Women, Ms. Baker said, “are taught to make themselves small. So when you’re a woman and there’s a producer or engineer that’s a man, you have to preface your ideas and seal them up in this little box of ‘I’m sorry, this might not be a good idea, this is just my observation…’”
For the “boygenius” EP, recorded over a few summer days in Los Angeles, the three musicians removed men from the equation, writing without their usual collaborators and self-producing, while also trying to embody some of the very qualities they were avoiding. “If one person was having a thought — I don’t know if this is good, it’s probably terrible — it was like, ‘No! Be the boy genius! Your every thought is worthwhile, just spit it out,’” Ms. Dacus said. “It was a way to do things quickly and confidently. We only had four days to go from zero to something, so we couldn’t waste time self-deprecating.”
The result was what the women described in separate interviews as one of the most fulfilling creative experiences of their lives, and each was giddy recalling the sessions. “I probably jumped up and down more times in that studio than ever in my life,” Ms. Bridgers said. “When one of us would hit another high note — ughhh, my God! So exciting.”
Ms. Baker called the process “extremely democratic.” Each artist brought ideas — “Like all great enterprises, we have a group text,” as well as a Google Drive, she said — and took the lead on two of the tracks. While writing, “I tried to think about them and what we shared,” Ms. Dacus said. Distance, emotional and physical, was an overarching theme best encapsulated on the final song, “Ketchum, ID,” in which each woman sings a verse about the melancholy of life on the road.
Ms. Bridgers conceived of the song as a Carter Family number, and its refrain was sung by all three around one microphone: “I am never anywhere/anywhere I go/when I’m home, I’m never there/long enough to know.”
For this “Voltron or Power Rangers robot of indie music,” as Ms. Baker called it, the women cited previous supergroup trios like case/lang/veirs and Dolly Parton, Linda Ronstadt and Emmylou Harris, although the cover art is a winking reference to a Crosby, Stills & Nash album.
Still, the trio, similarly deliberate and measured in every action and utterance, cautioned that they did not want their camaraderie to be played as what Ms.

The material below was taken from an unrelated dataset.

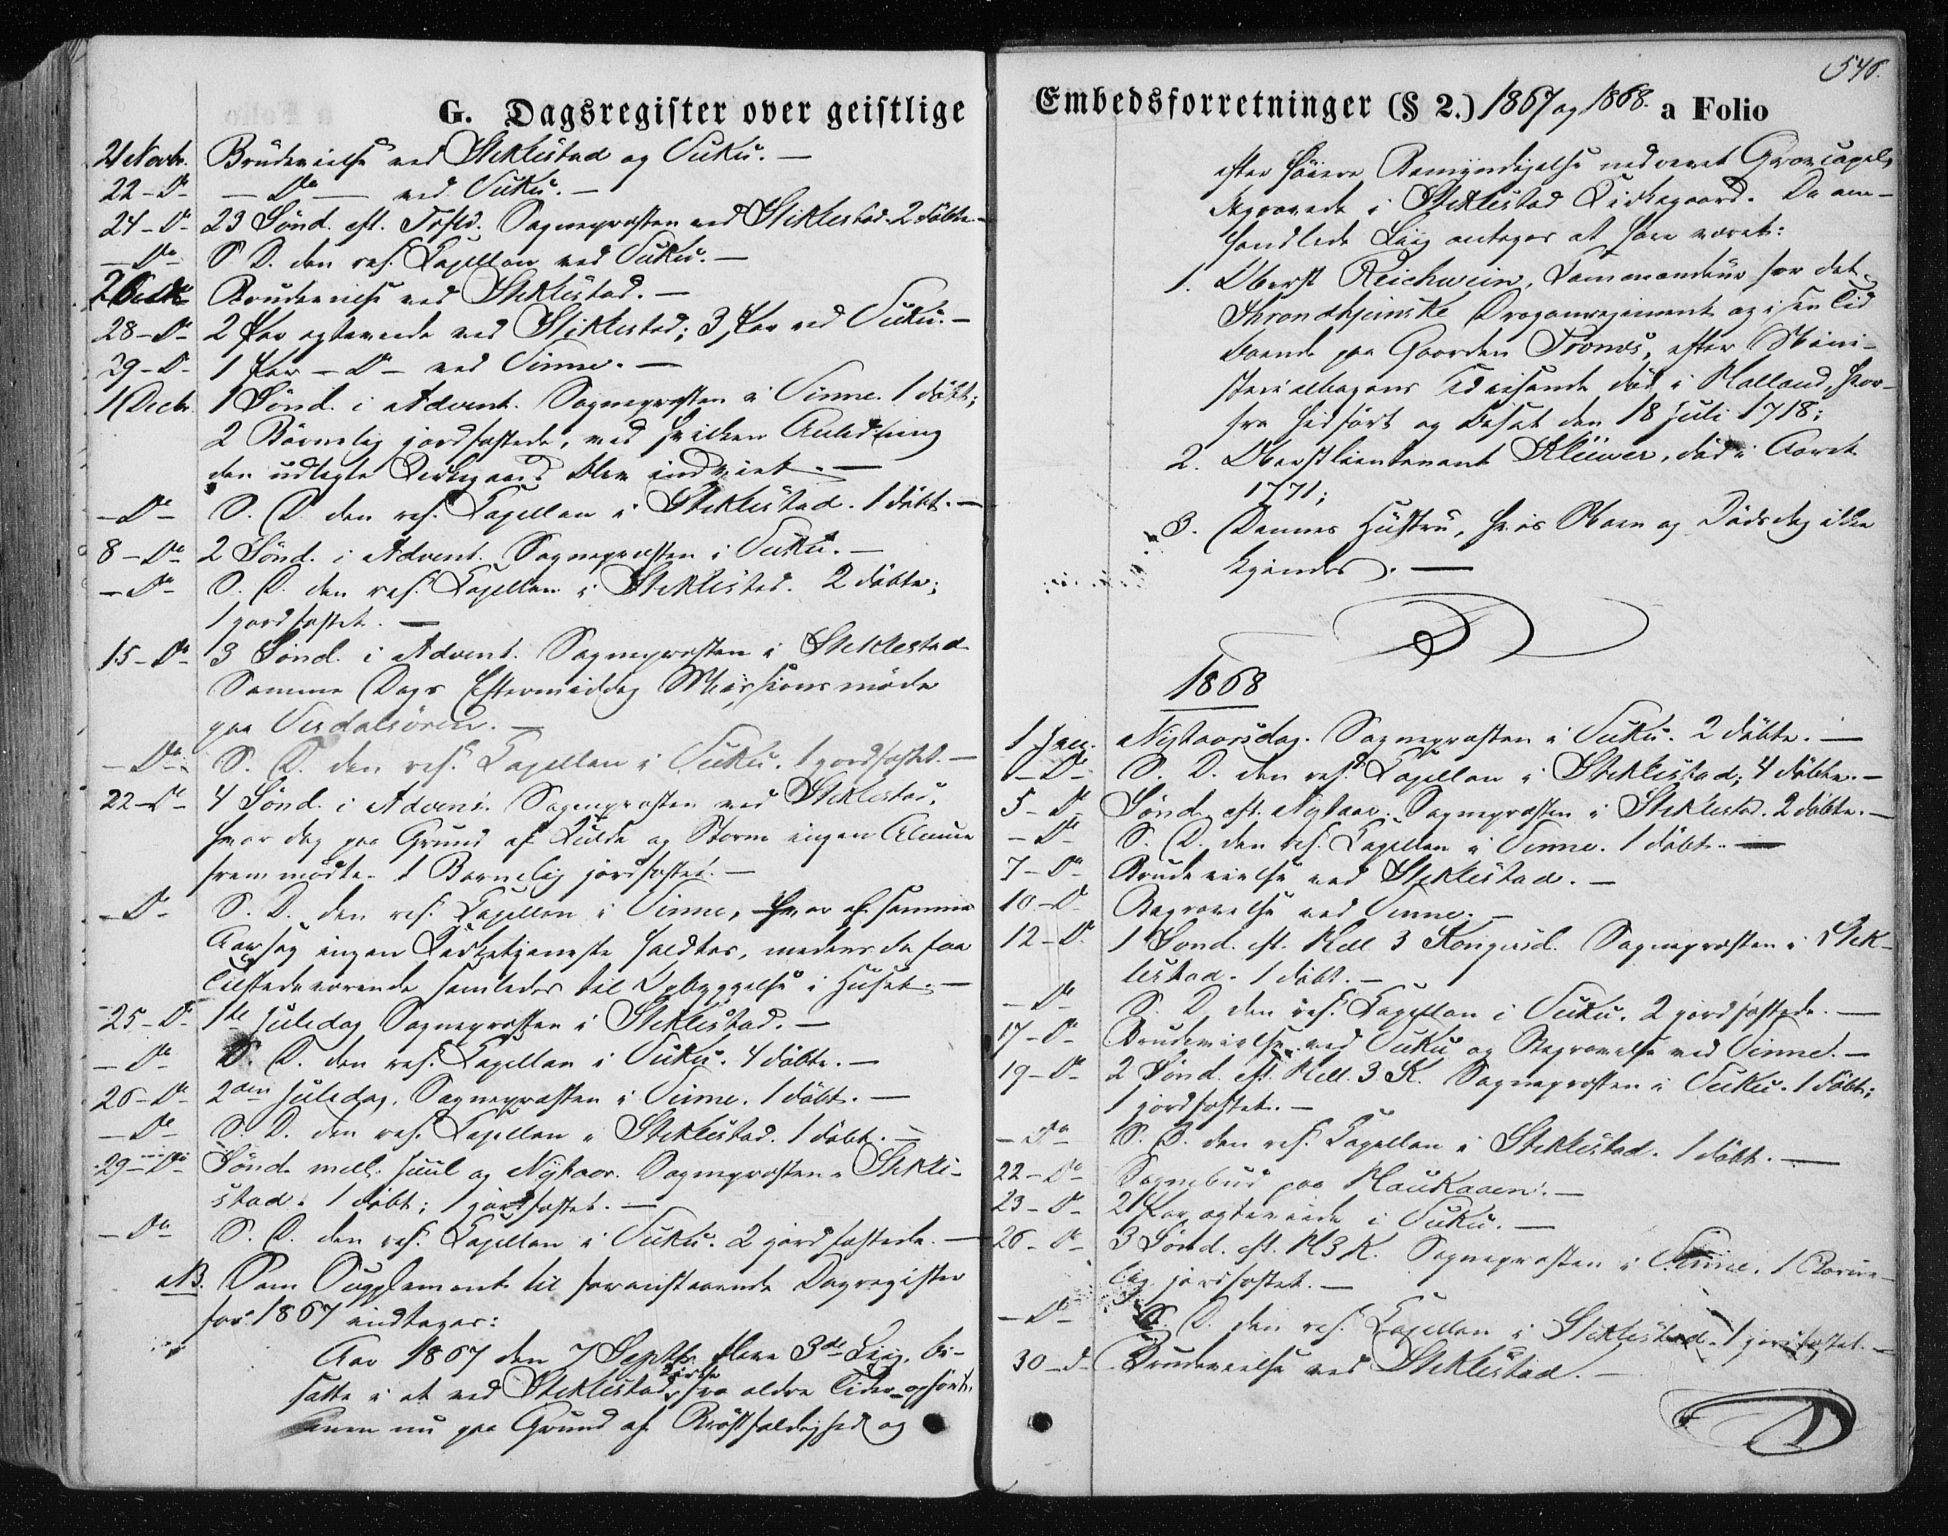 SAT, Ministerialprotokoller, klokkerbøker og fødselsregistre - Nord-Trøndelag, 723/L0241: Ministerialbok nr. 723A10, 1860-1869, s. 546
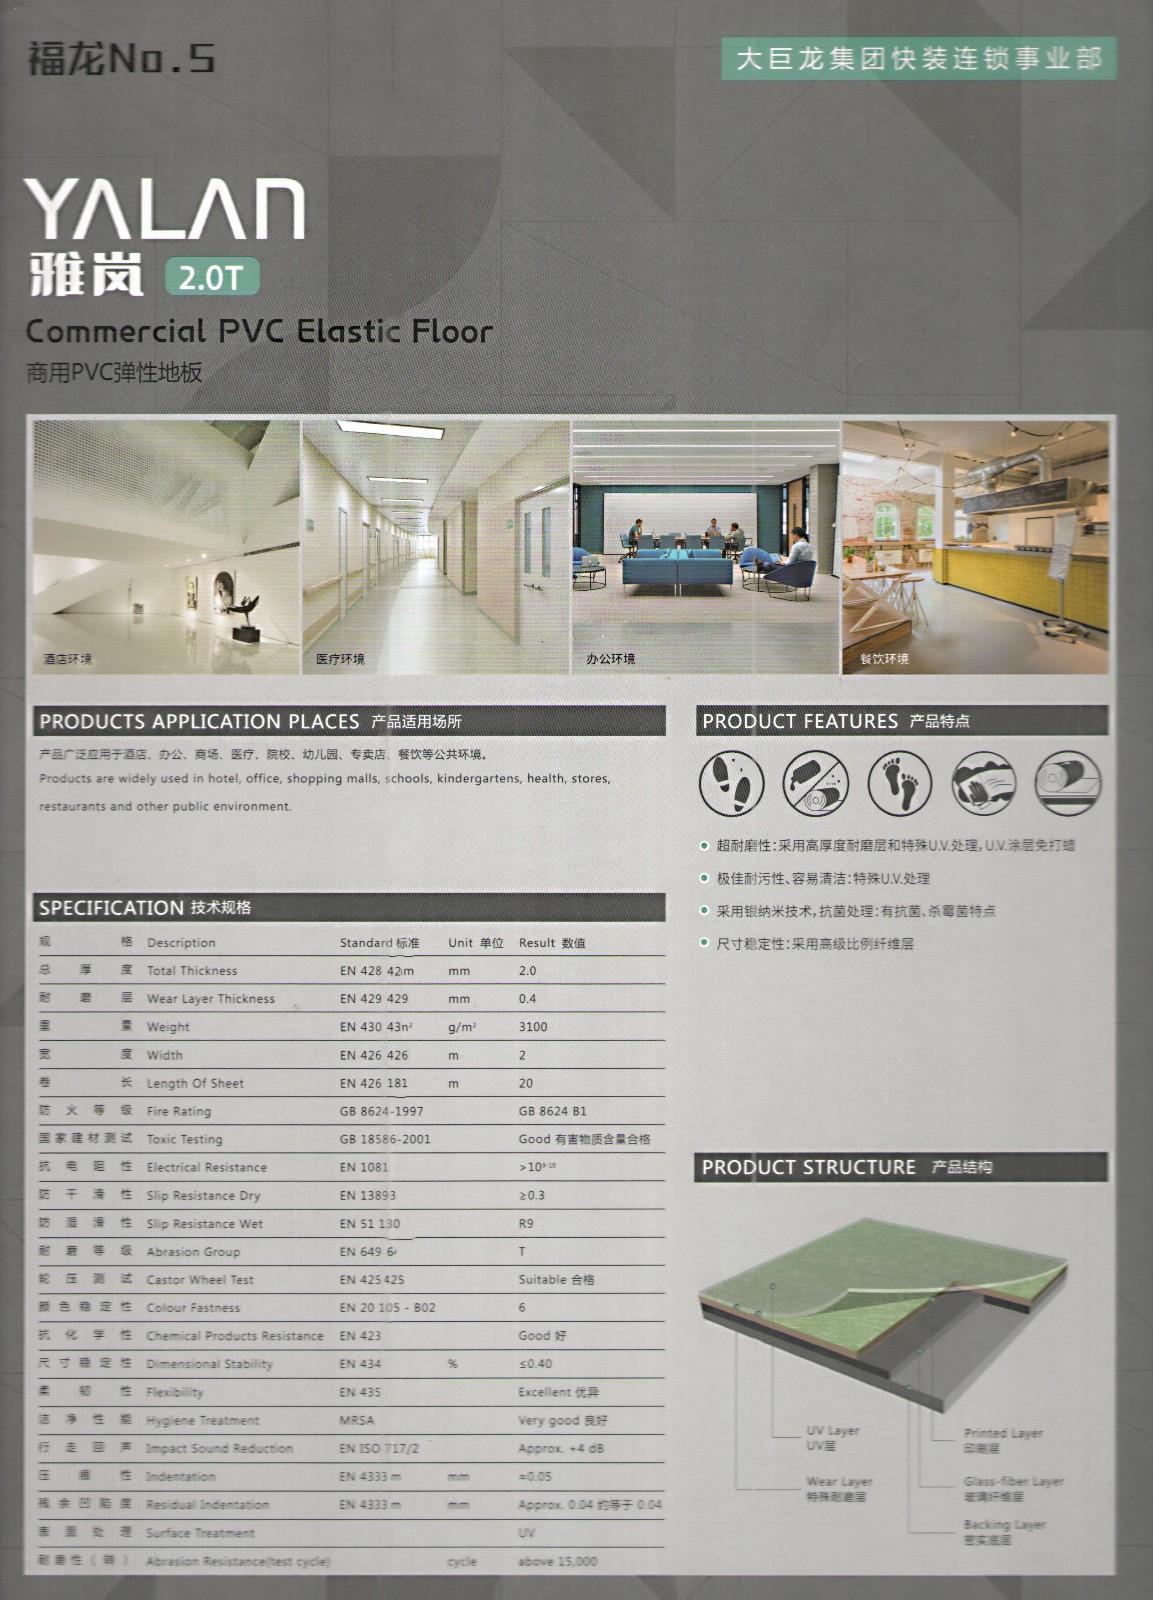 福龙NO.5雅岚PVC地板|福龙系列-陕西棋牌挣钱建材有限责任公司

Dacus referred to as a “marketing ploy.”
Ms. Baker said: “On one level I want it to be unremarkable that there’s no male to attribute control to. I want it to be unremarkable that three women — six with bass and drums and violin — played on this. But it’s a thing.”
“November is a glowing moment that we’re all approaching,” Ms. Dacus said. “Who knows what’s going to happen after that? It doesn’t matter.”